BEGIN Data extracts
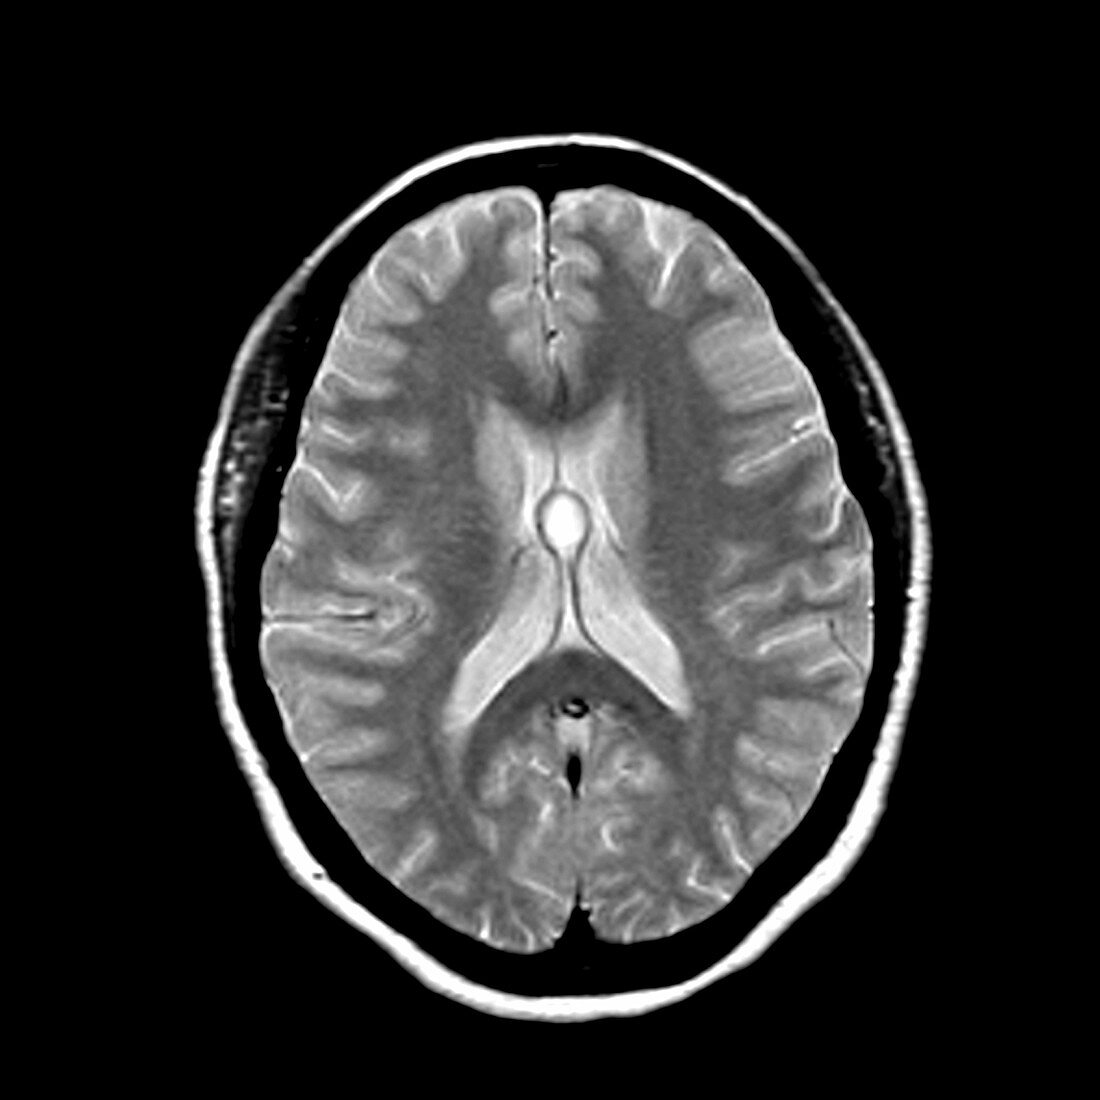 Colloid Cyst in the Human Brain
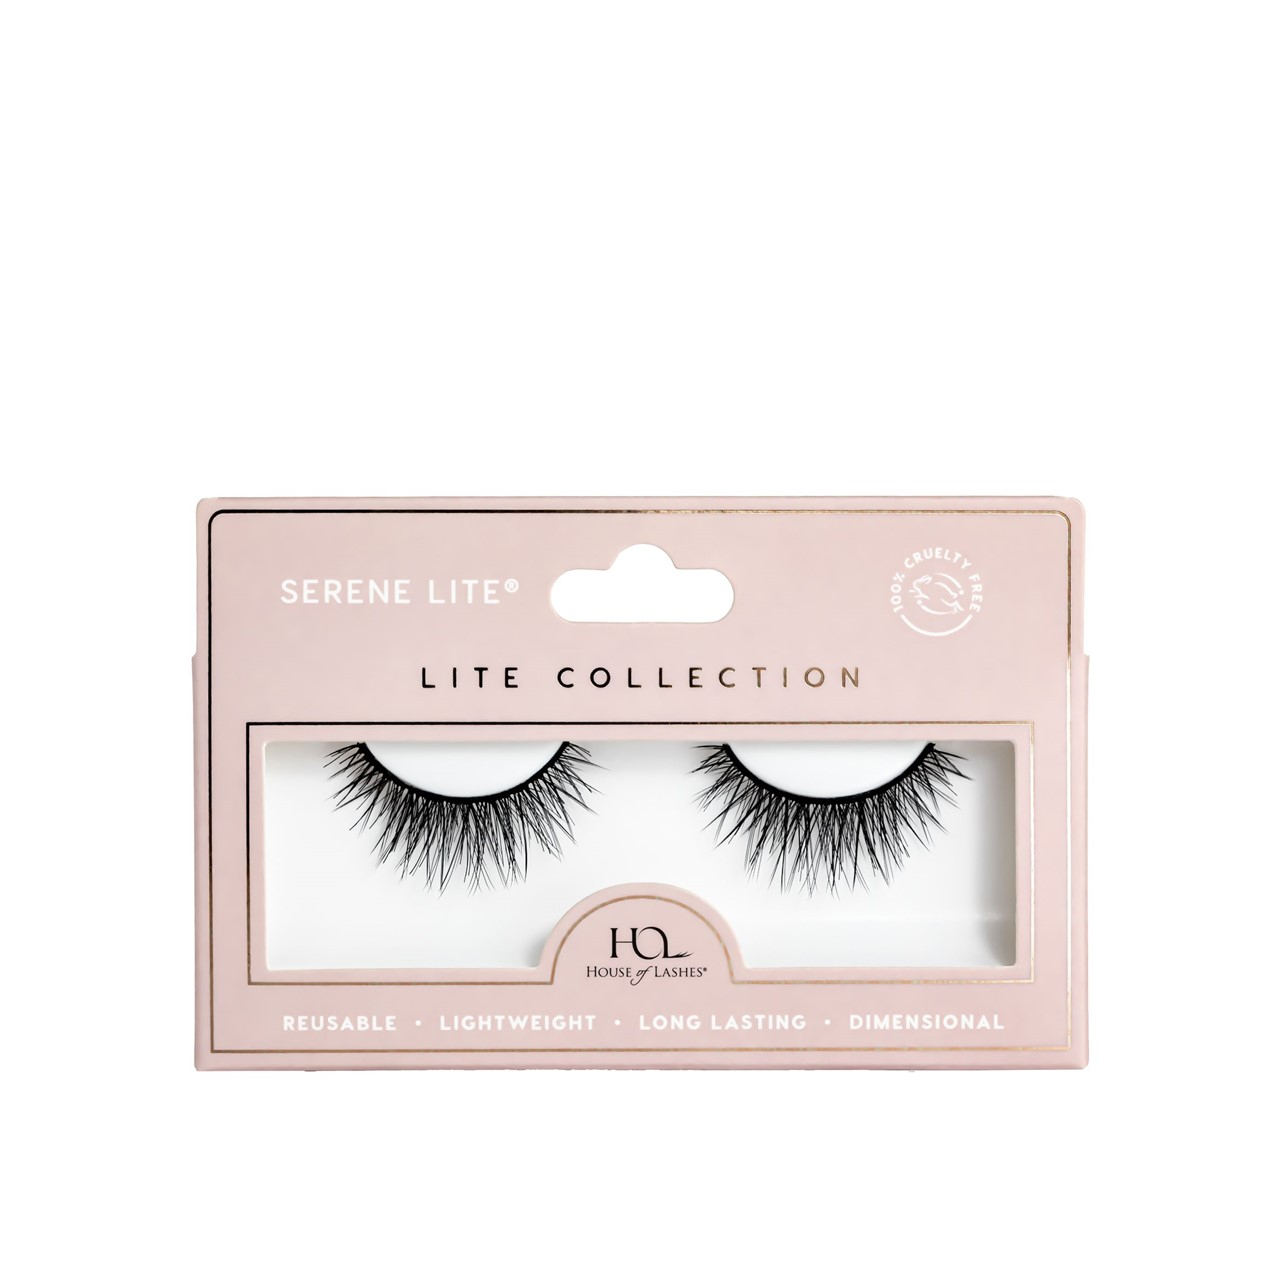 House of Lashes Lite Collection Serene Lite® False Lashes x1 Pair
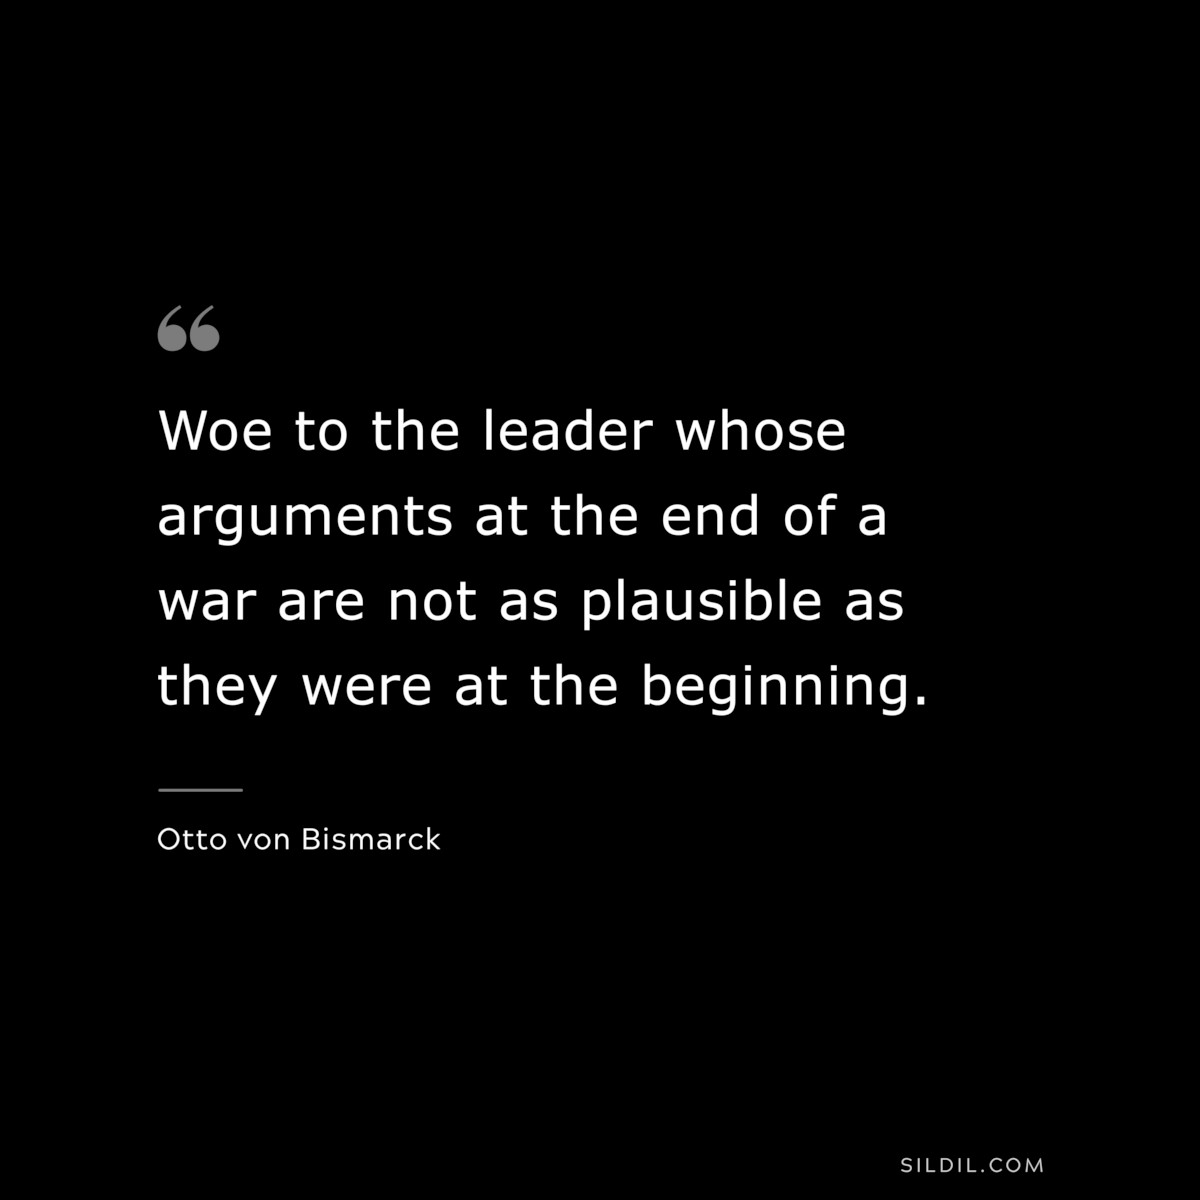 Woe to the leader whose arguments at the end of a war are not as plausible as they were at the beginning. ― Otto von Bismarck
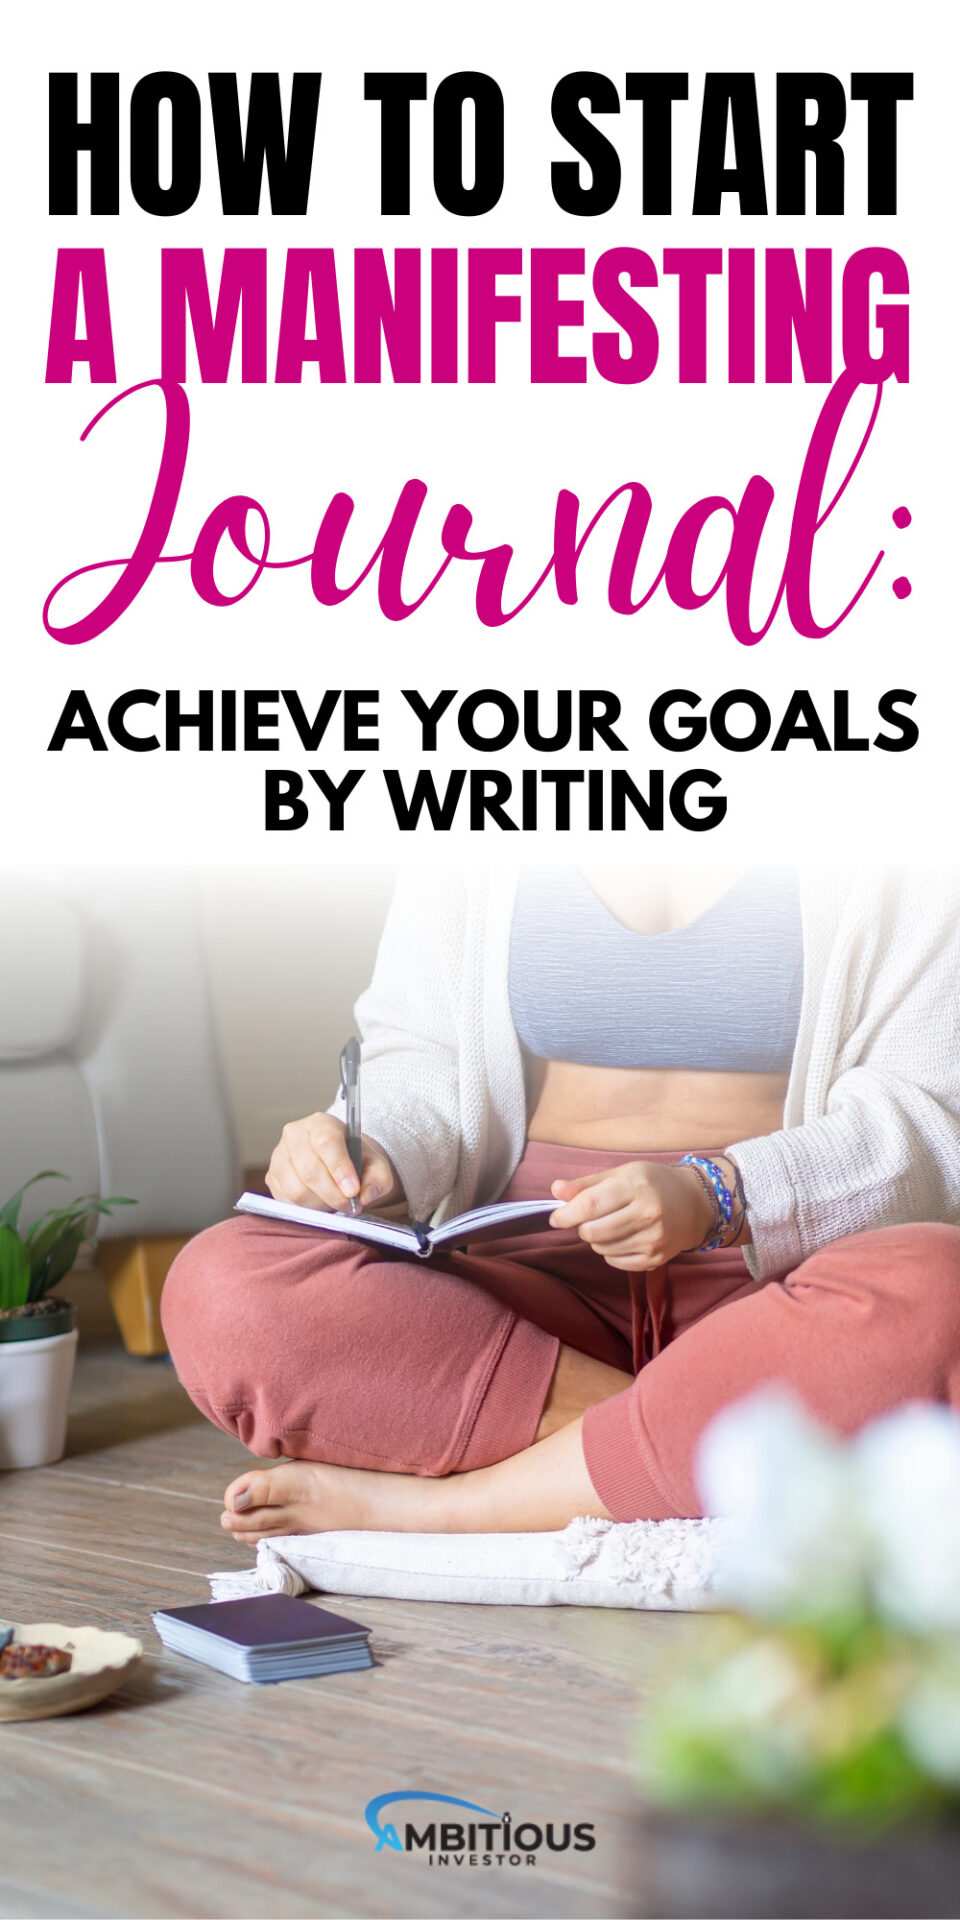 How to Start a Manifesting Journal: Achieve Your Goals by Writing
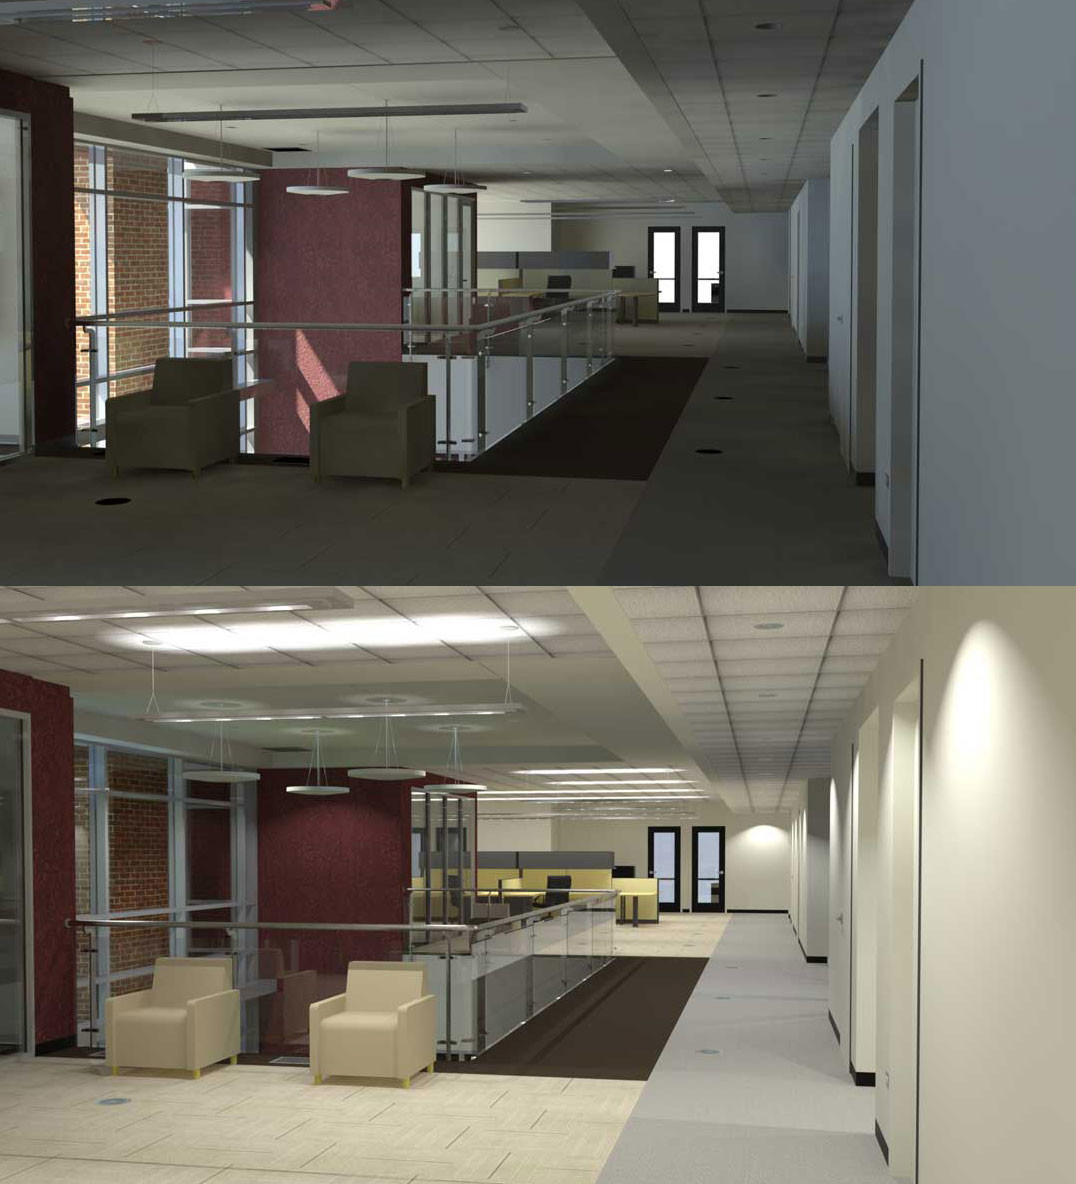 After the SketchUp model was completed, I did render tests in different day/night conditions using Thea Render.
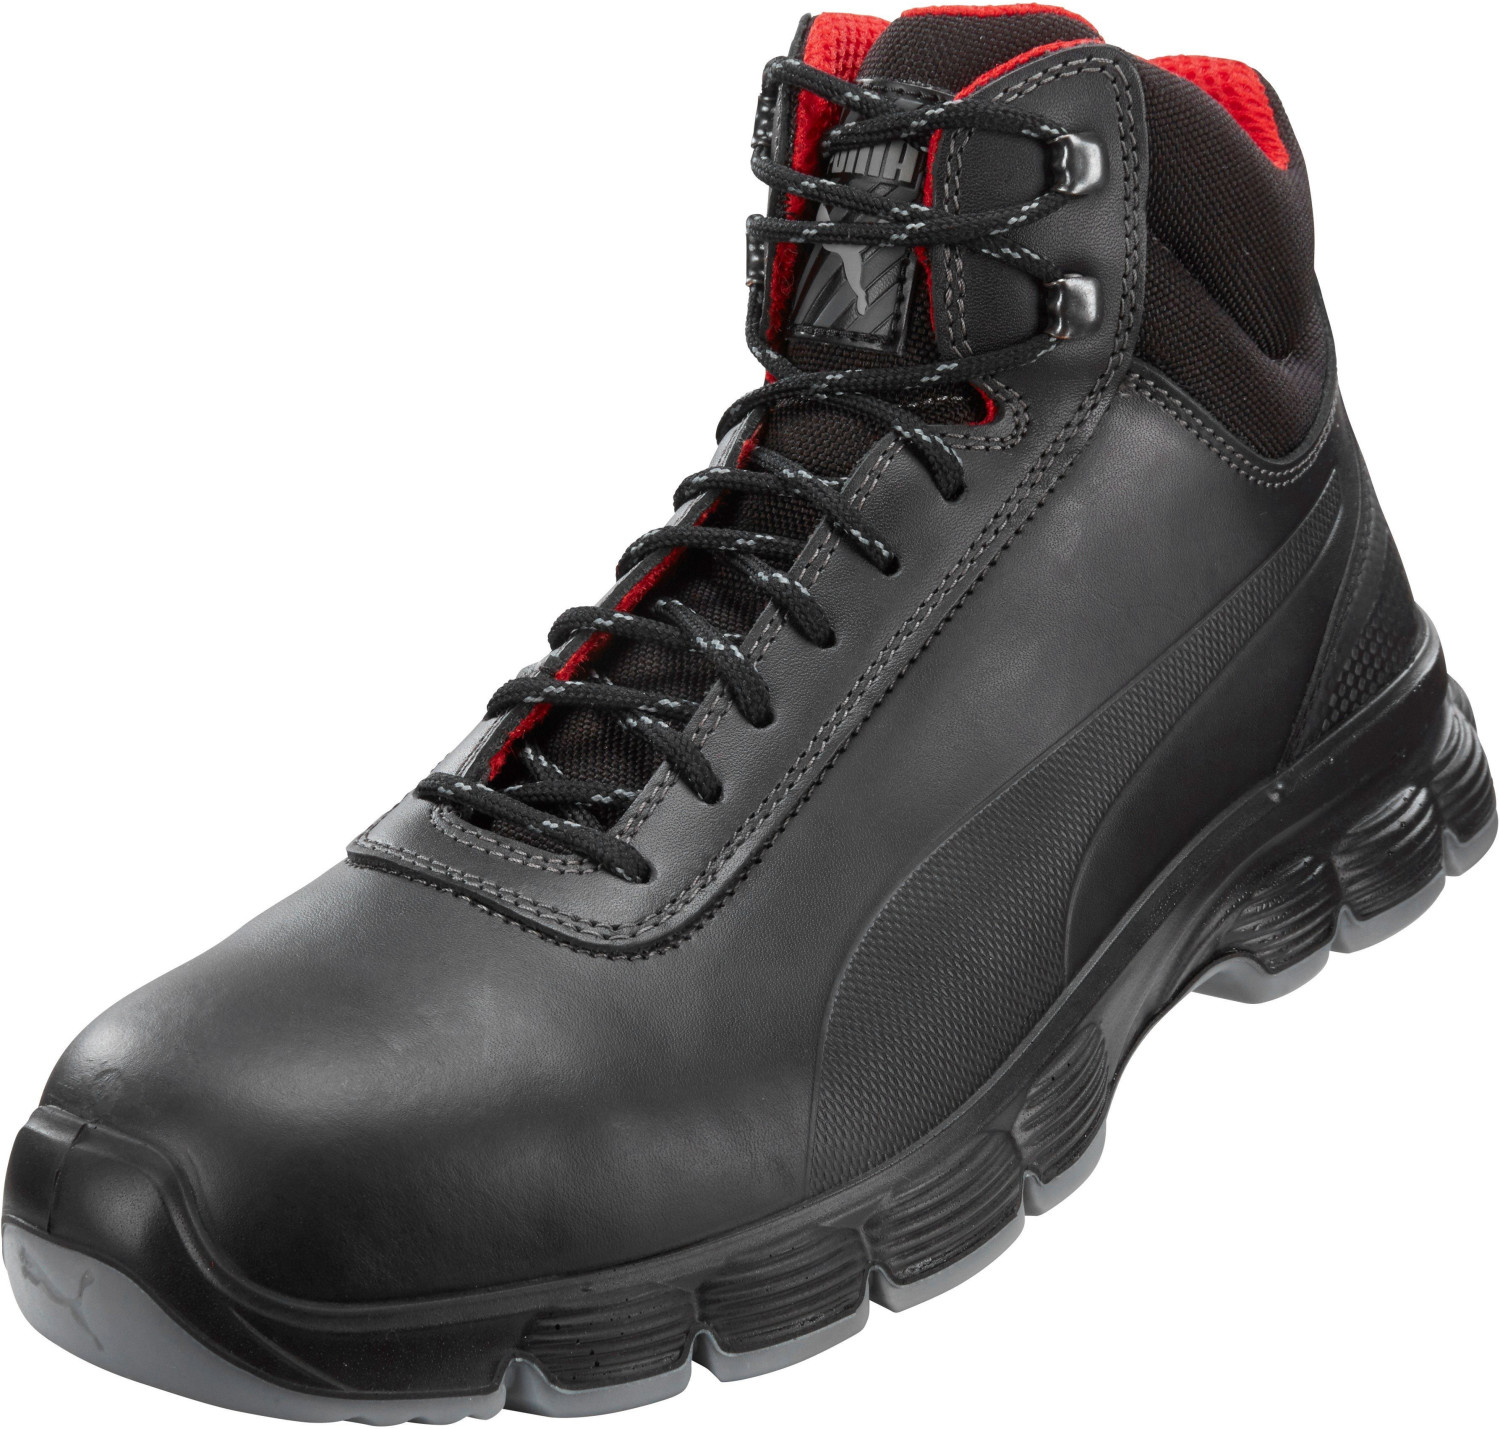 Buy Puma Safety Pioneer Mid (630101) black from £84.95 (Today) – Best Deals  on
END Data extracts
| Work instructions |
Set down the records again verbatim, with no pictures.

| Result of this exercise |
 Colloid Cyst in the Human Brain
 House of Lashes Lite Collection Serene Lite® False Lashes x1 Pair
 Woe to the leader whose arguments at the end of a war are not as plausible as they were at the beginning. ― Otto von Bismarck
 How to Start a Manifesting Journal: Achieve Your Goals by Writing
 After the SketchUp model was completed, I did render tests in different day/night conditions using Thea Render.
 Buy Puma Safety Pioneer Mid (630101) black from £84.95 (Today) – Best Deals  on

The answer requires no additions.